» Material provided
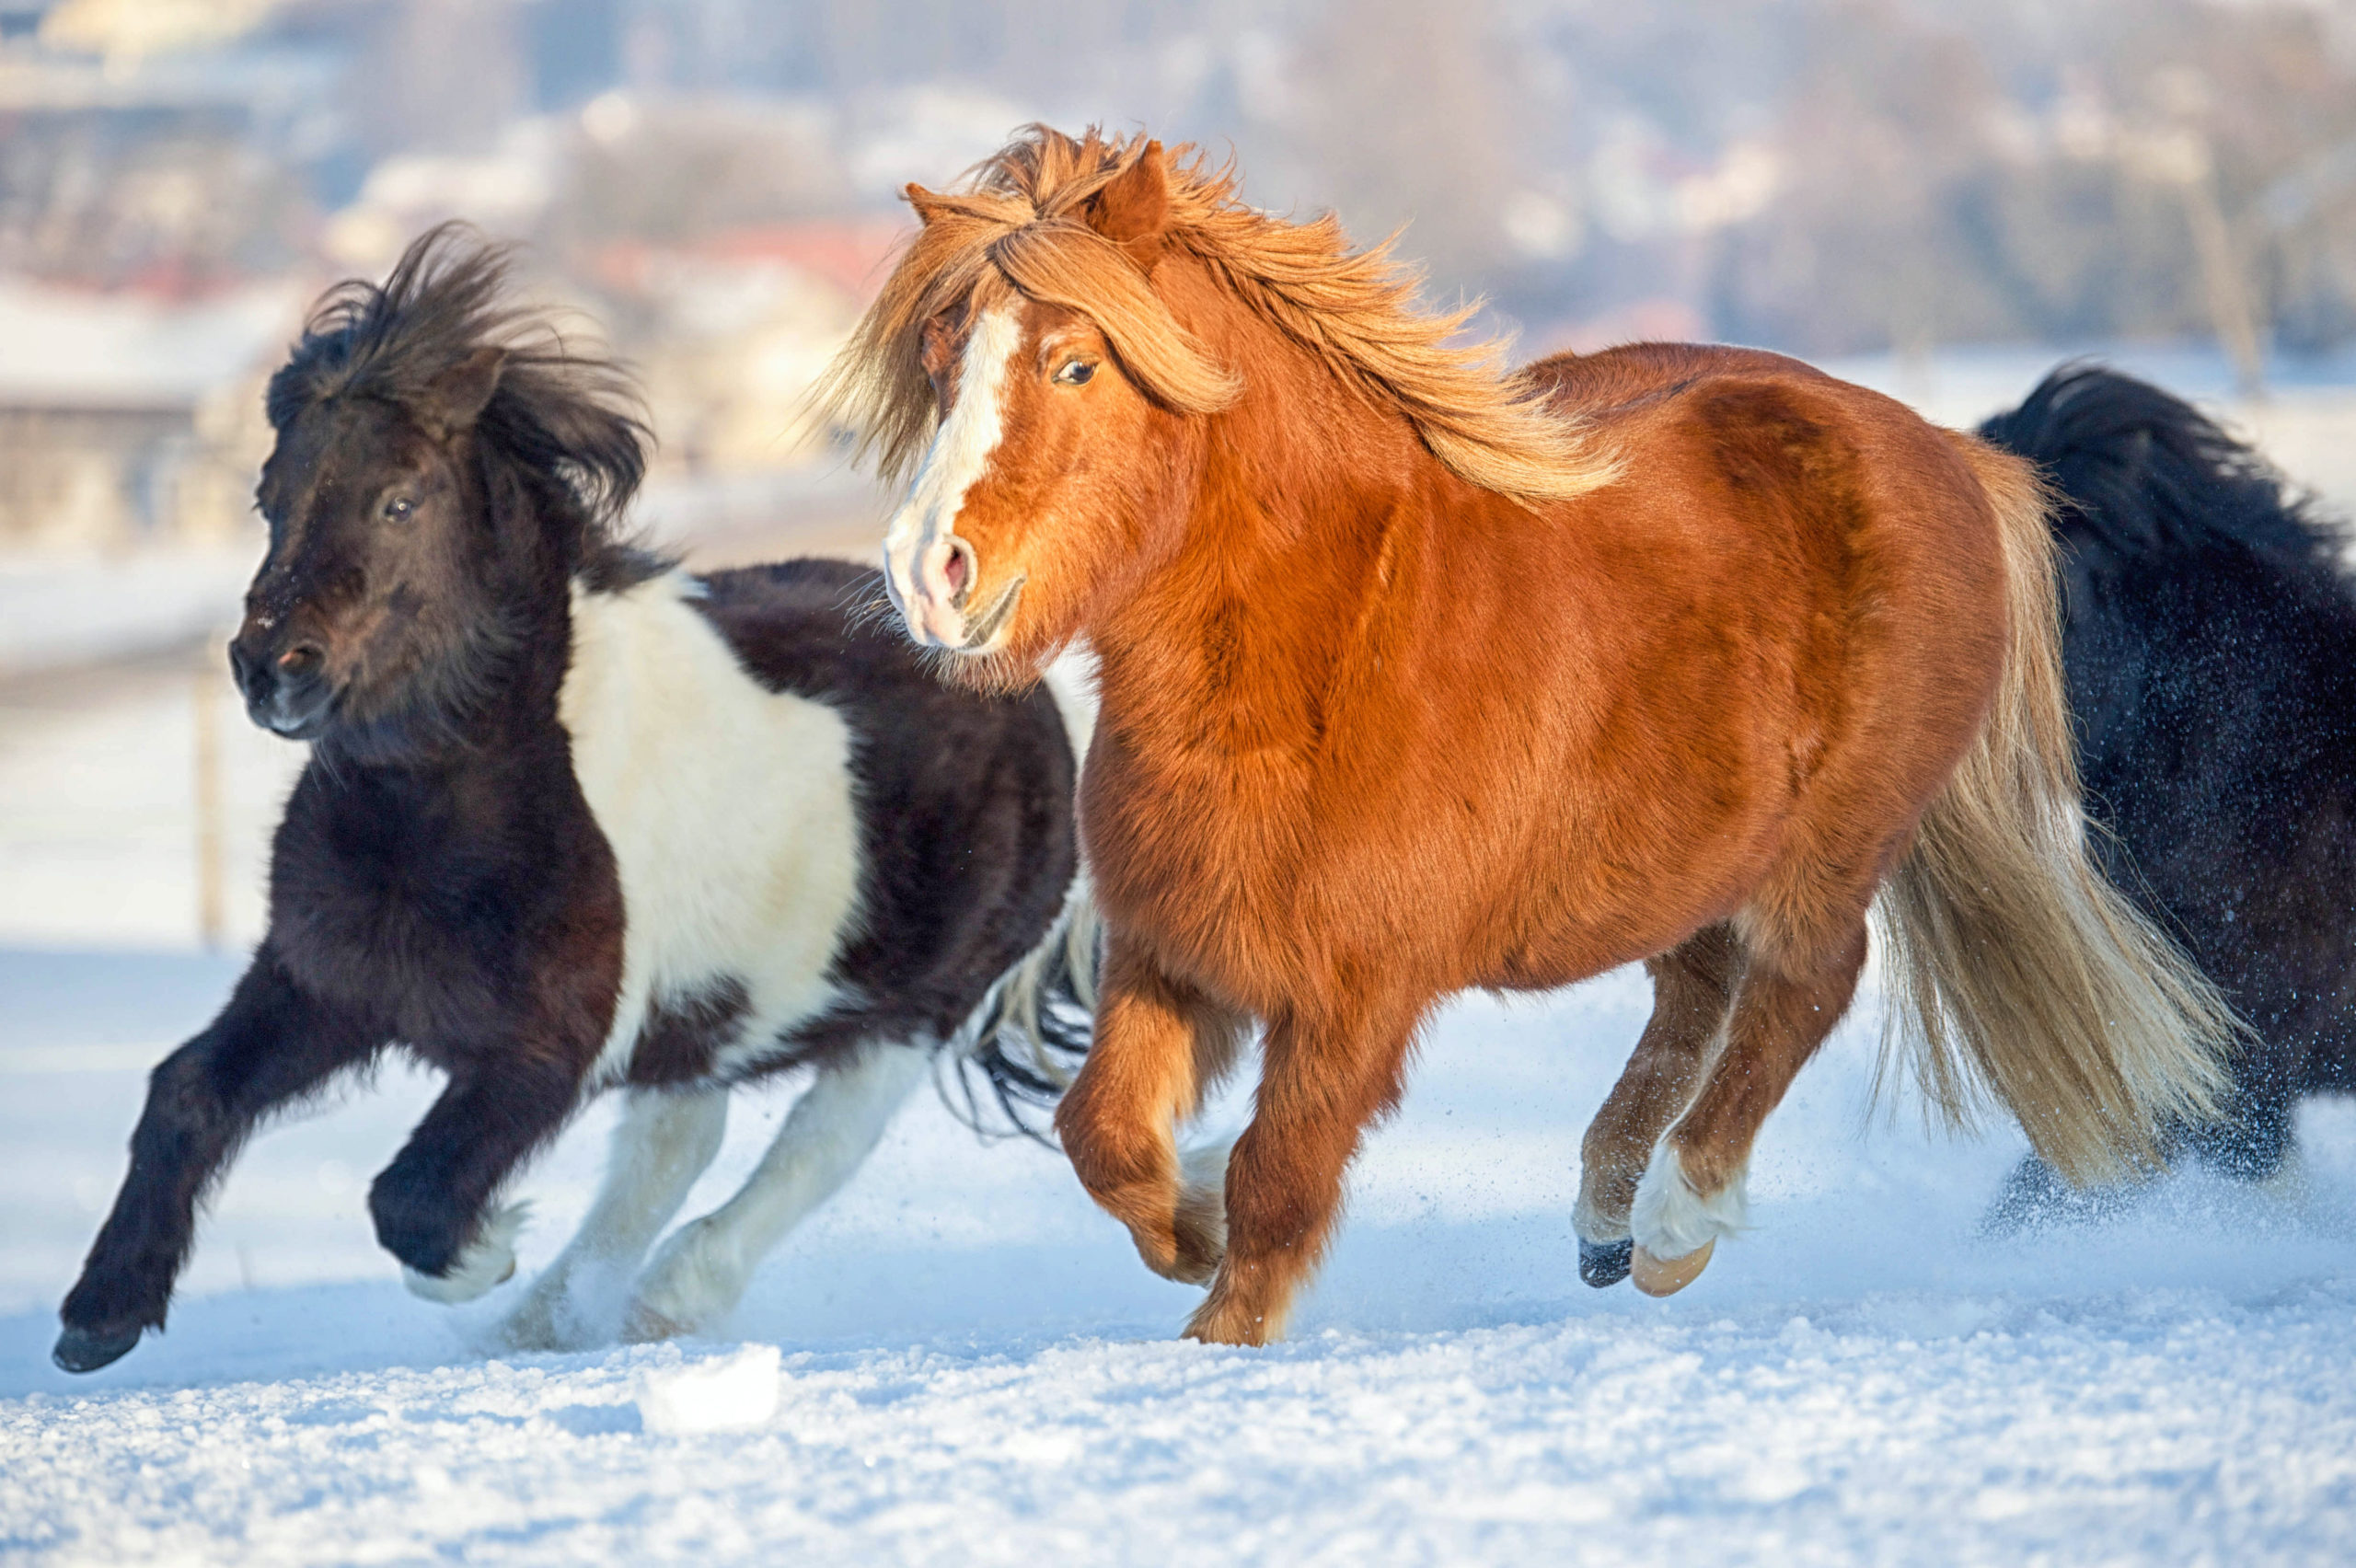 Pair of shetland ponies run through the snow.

--

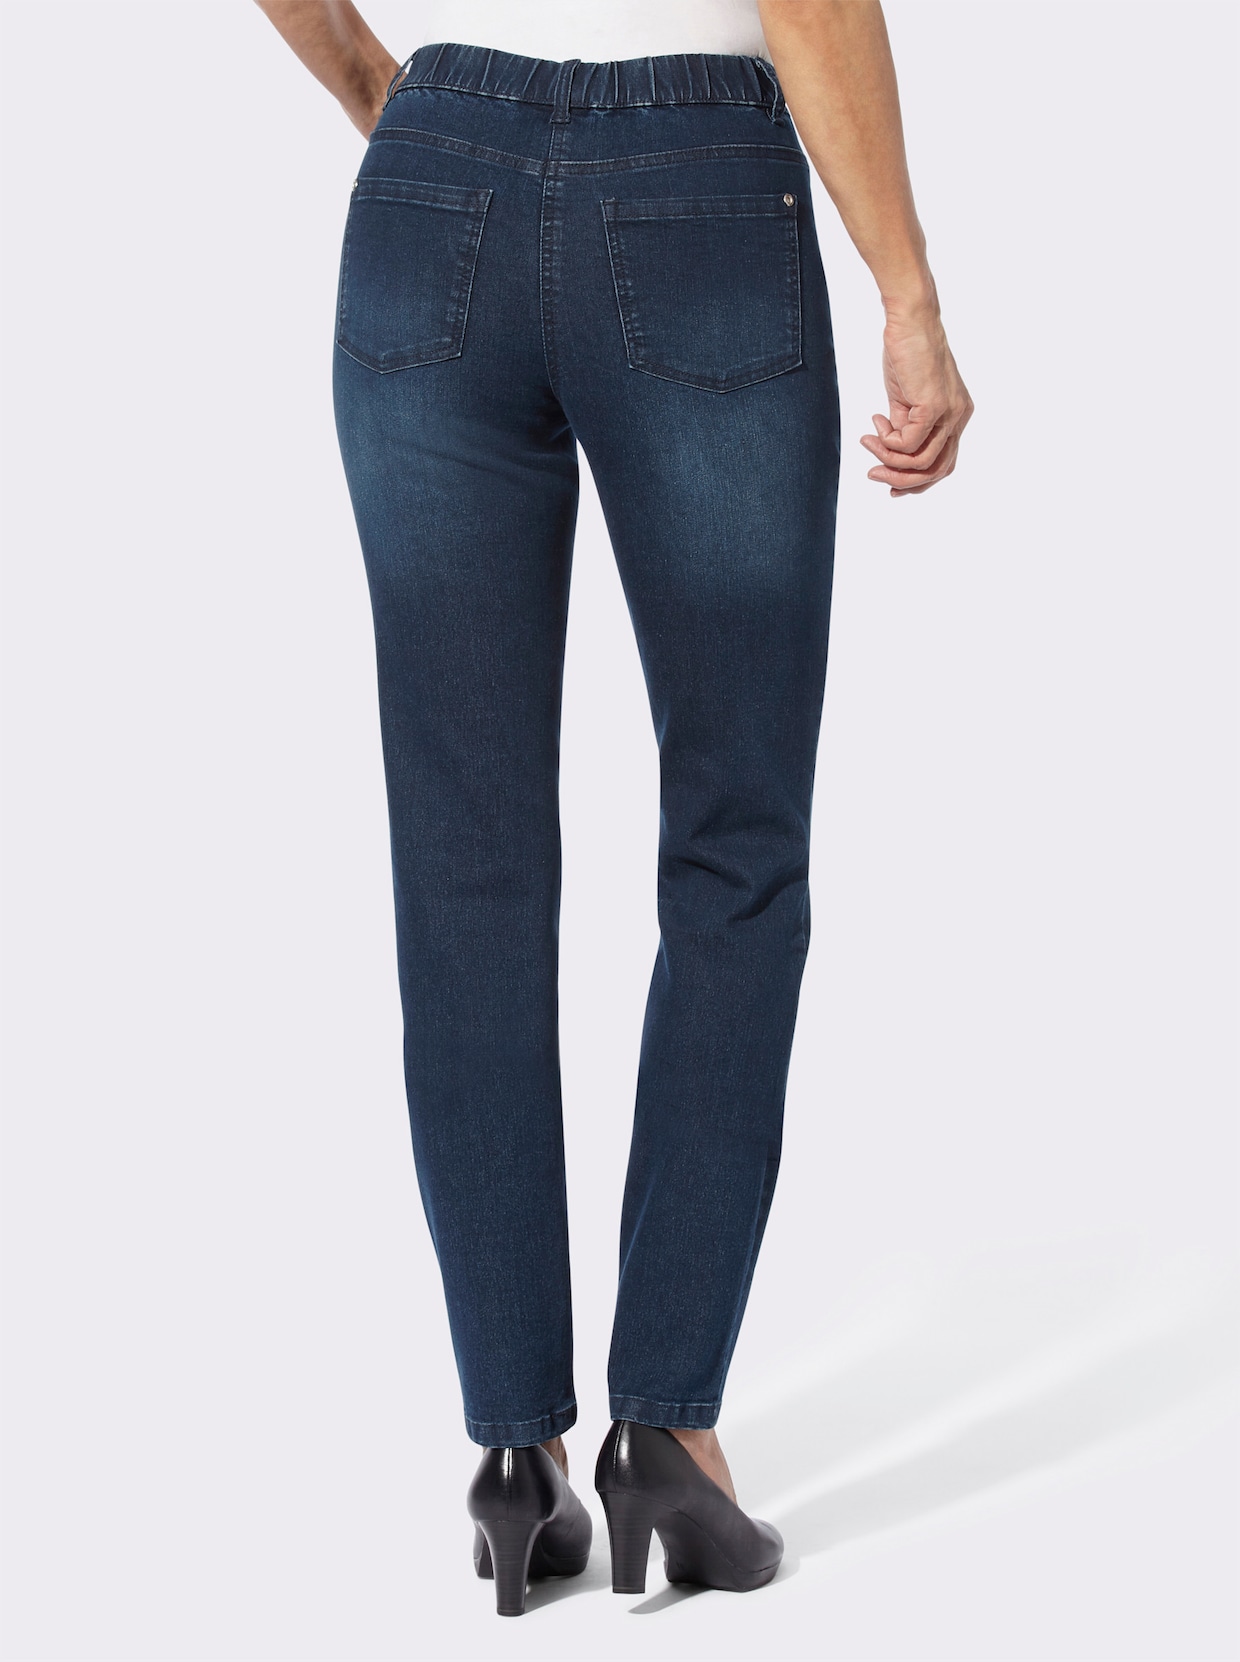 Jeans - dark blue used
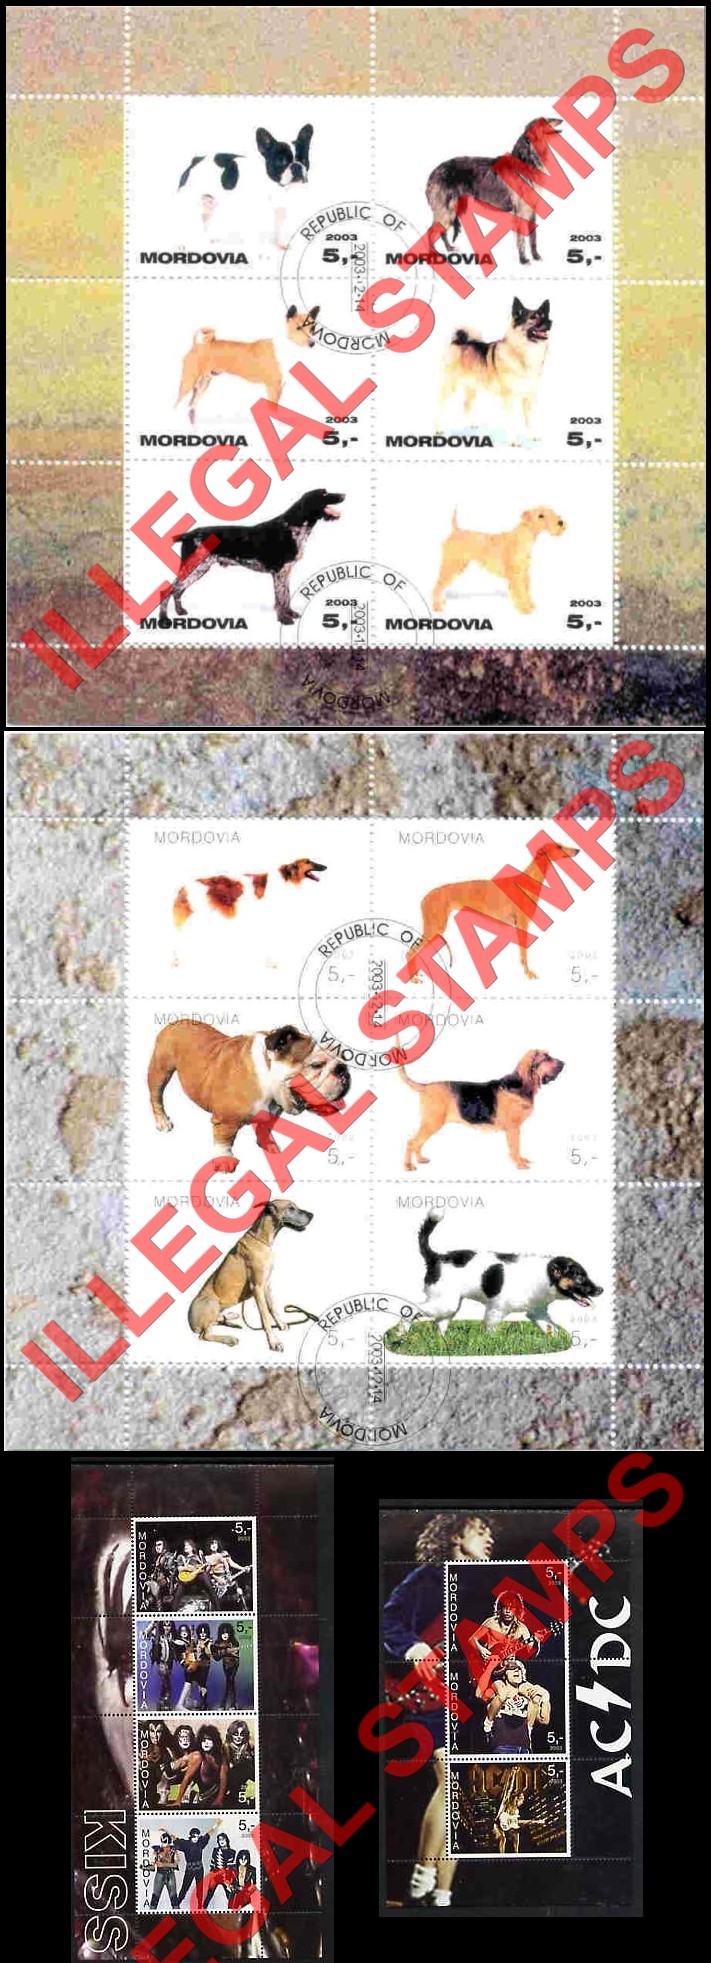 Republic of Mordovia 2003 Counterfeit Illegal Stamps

» Required action
Pictures do not belong in the answer. Return the lines above starting at the one with "Jeans - dark blue used" and ending at the one with "Republic of Mordovia", both kept, exactly.

» Answer box
 Jeans - dark blue used
 Republic of Mordovia 2003 Counterfeit Illegal Stamps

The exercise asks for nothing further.